▶ **Work required**
The material below holds a span beginning at the line with "WHERE WERE YOU" and ending at the line with "quick jasp as". Quote that span exactly, both ends included, and only that span.

▶ **Data to examine**
▬▬▬▬▬▬
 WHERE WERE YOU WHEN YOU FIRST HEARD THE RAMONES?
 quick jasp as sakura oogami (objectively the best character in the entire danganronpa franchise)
▬▬▬▬▬▬
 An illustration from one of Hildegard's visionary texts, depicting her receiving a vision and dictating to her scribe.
▬▬▬▬▬▬
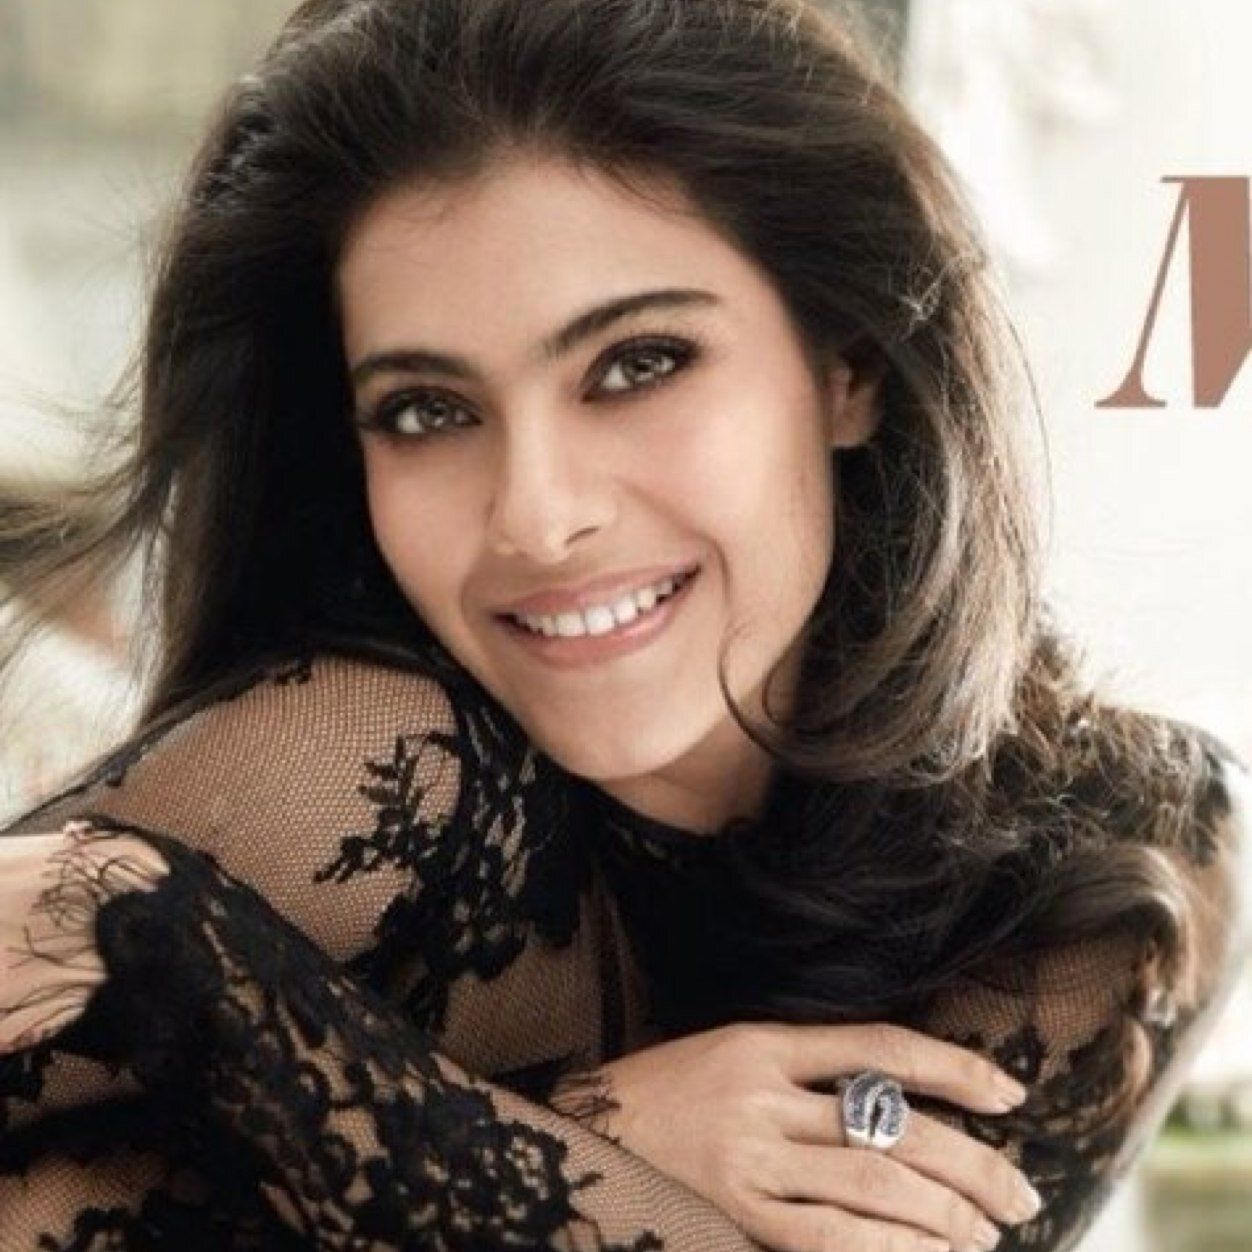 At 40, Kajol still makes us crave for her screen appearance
▬▬▬▬▬▬
▶ **Exercise result**
 WHERE WERE YOU WHEN YOU FIRST HEARD THE RAMONES?
 quick jasp as sakura oogami (objectively the best character in the entire danganronpa franchise)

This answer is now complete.